Required work: Write out the data below exactly as given, without any of its pictures.

Input data:
'''
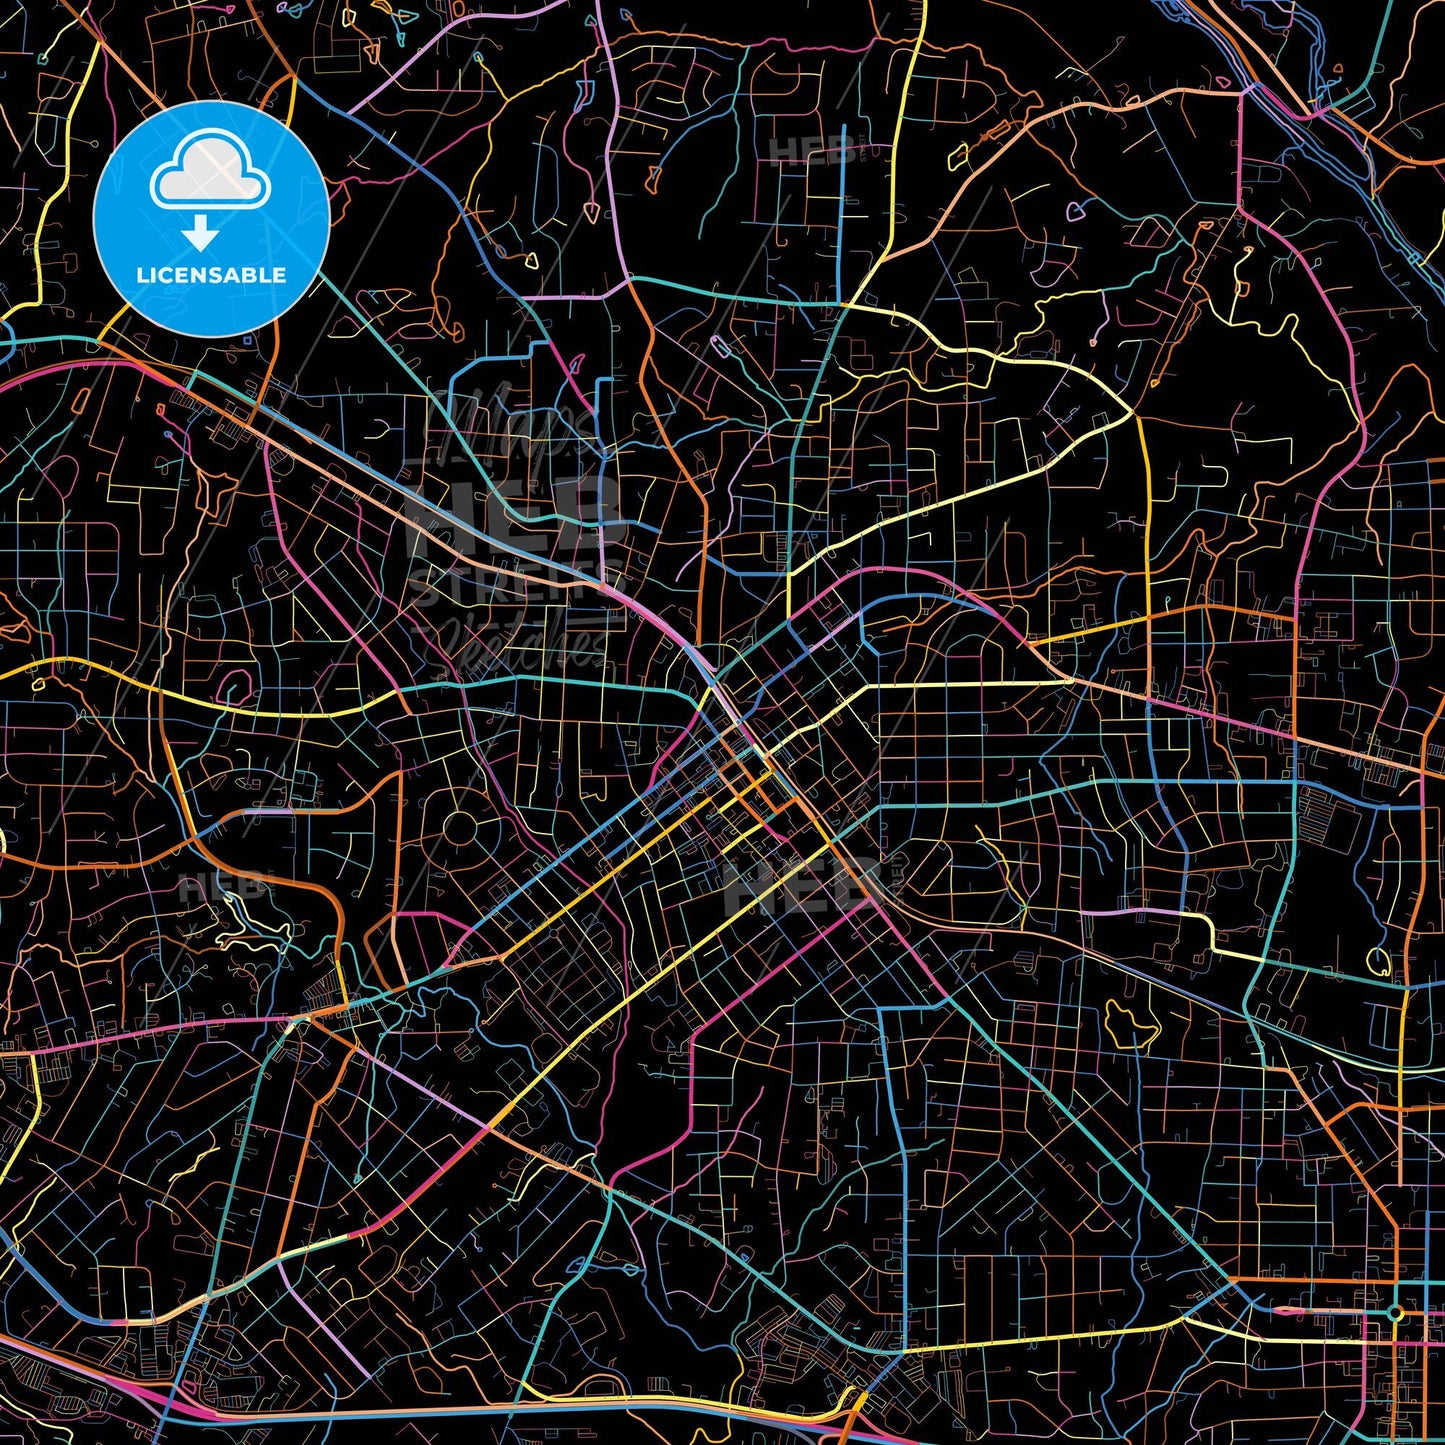 Burlington, North Carolina, United States, colorful city map on black background
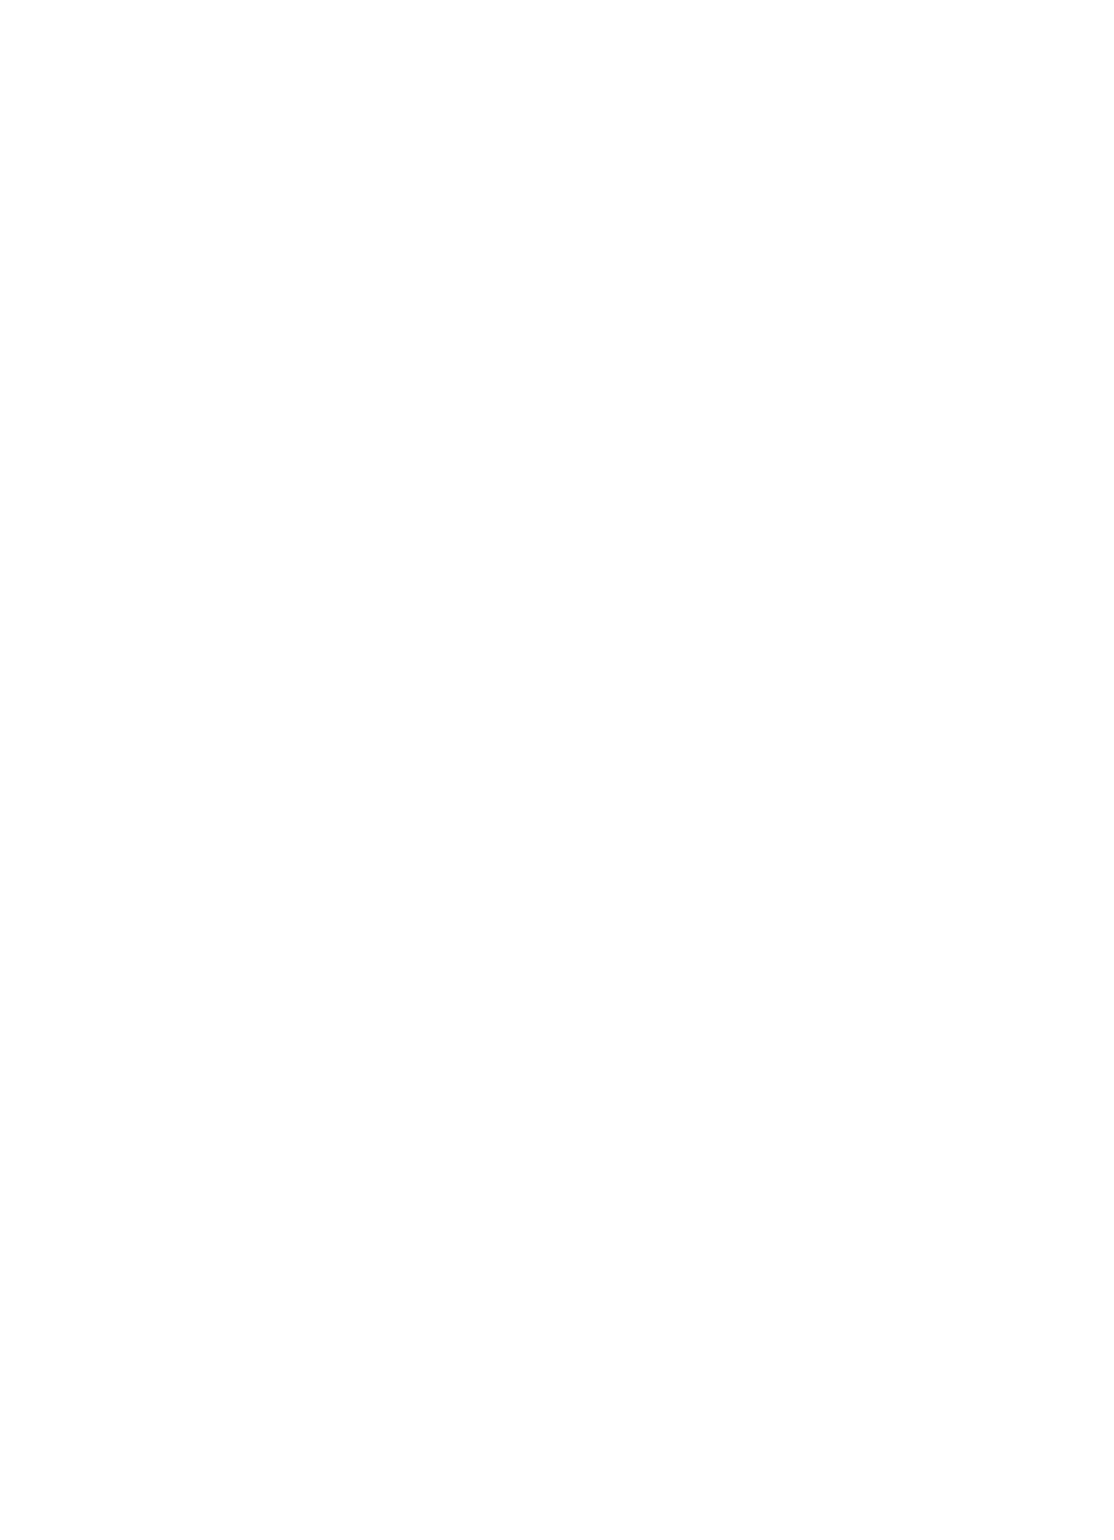 Better Business Bureau Logo - Better Business Bureau (1114x1540), Png Download
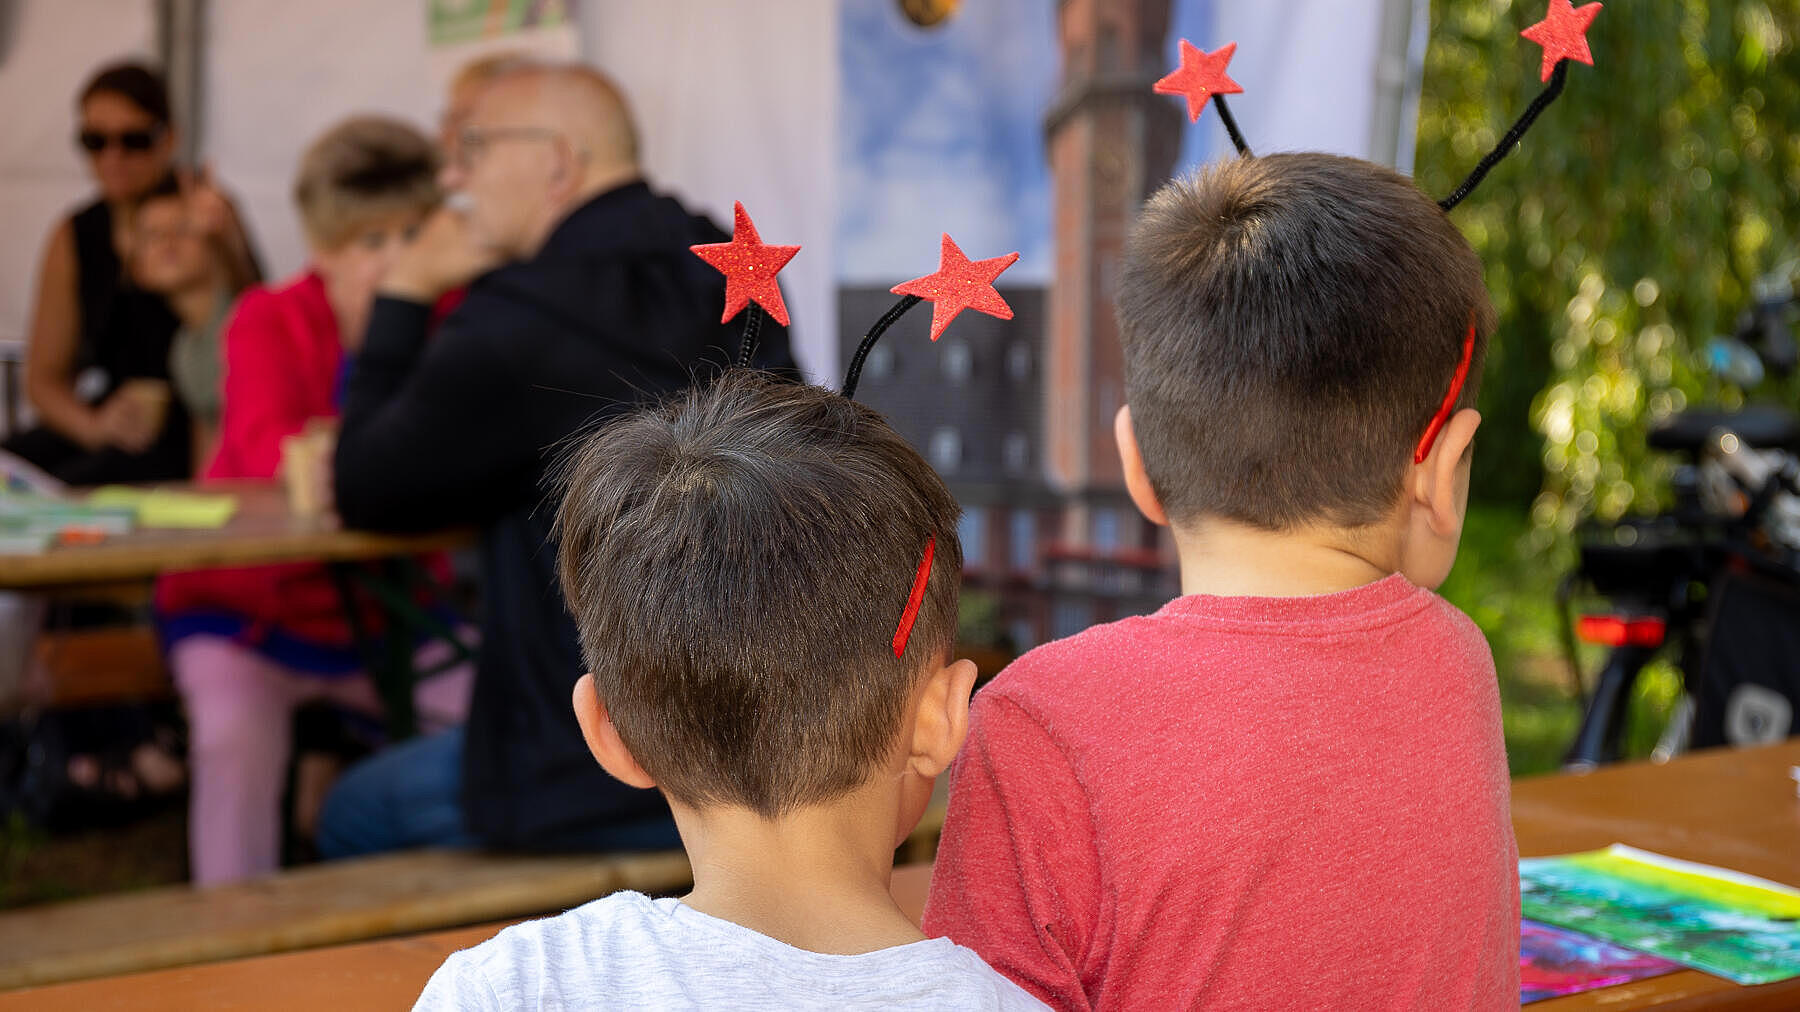 Außenaufnahme zeigt zwei Kinder mit dem Rücken zur Kamera. Beide tragen einen Kopfschmuck aus Sternen an Fühlern.
'''
Answer for the task:
 Burlington, North Carolina, United States, colorful city map on black background
 Better Business Bureau Logo - Better Business Bureau (1114x1540), Png Download
 Außenaufnahme zeigt zwei Kinder mit dem Rücken zur Kamera. Beide tragen einen Kopfschmuck aus Sternen an Fühlern.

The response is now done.